▶ _The task_: Could you print exactly the lines of the listing below, starting at the line that has "Polo Ralph Lauren" and ending at the line that has "Papier peint fleuri", and only those lines?

▶ _Entries supplied_:
________

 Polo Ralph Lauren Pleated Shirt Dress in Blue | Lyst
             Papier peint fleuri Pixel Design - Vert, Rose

________

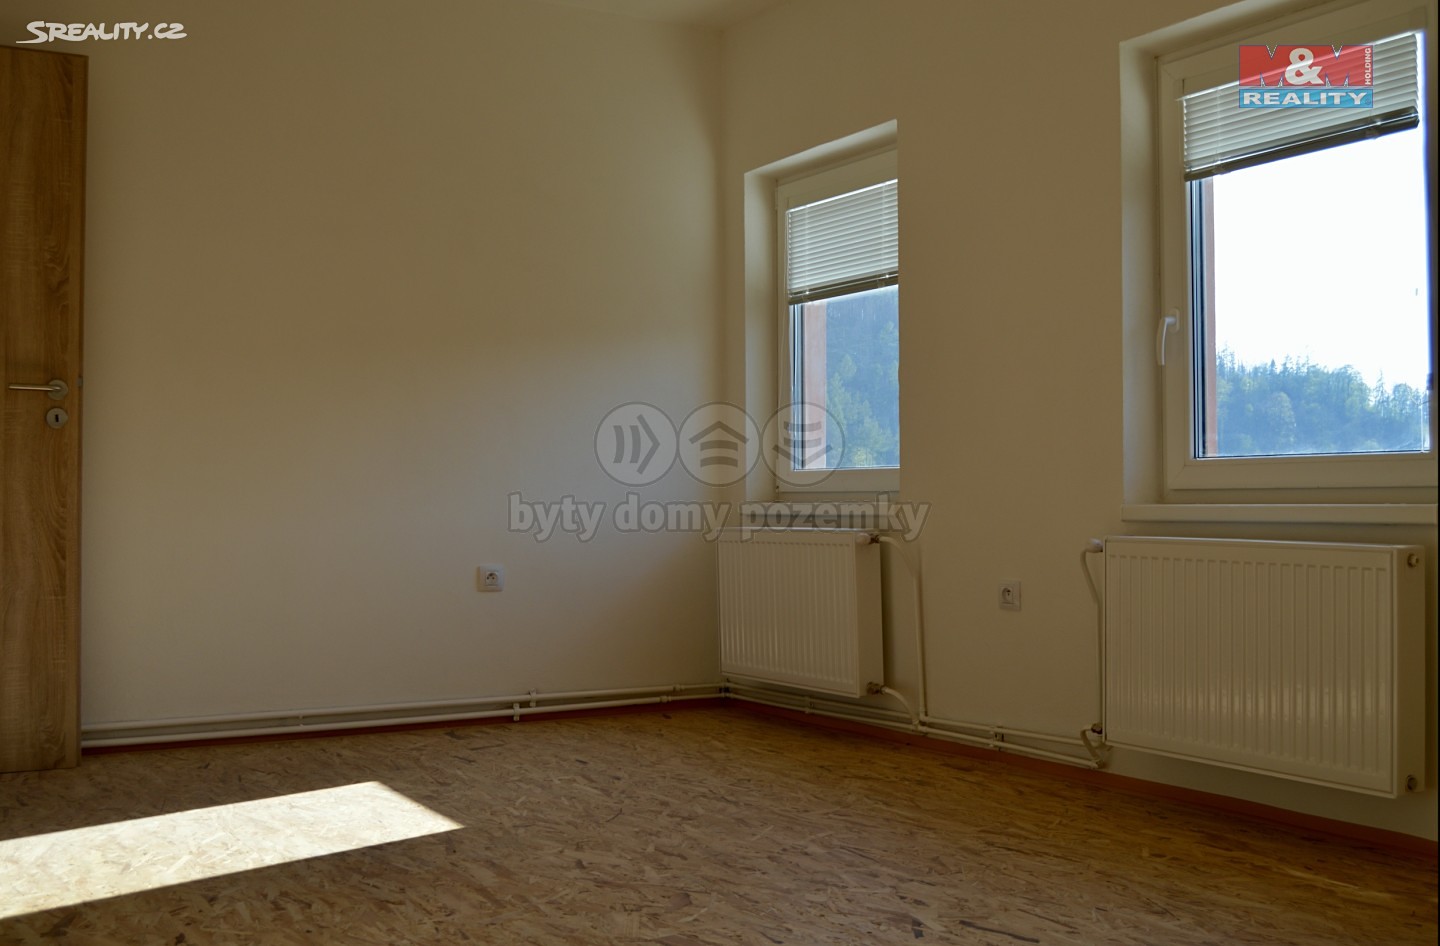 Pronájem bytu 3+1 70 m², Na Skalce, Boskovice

________

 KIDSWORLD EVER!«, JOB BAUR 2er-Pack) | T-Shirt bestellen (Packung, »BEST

________

▶ _Exercise answer_:
 Polo Ralph Lauren Pleated Shirt Dress in Blue | Lyst
             Papier peint fleuri Pixel Design - Vert, Rose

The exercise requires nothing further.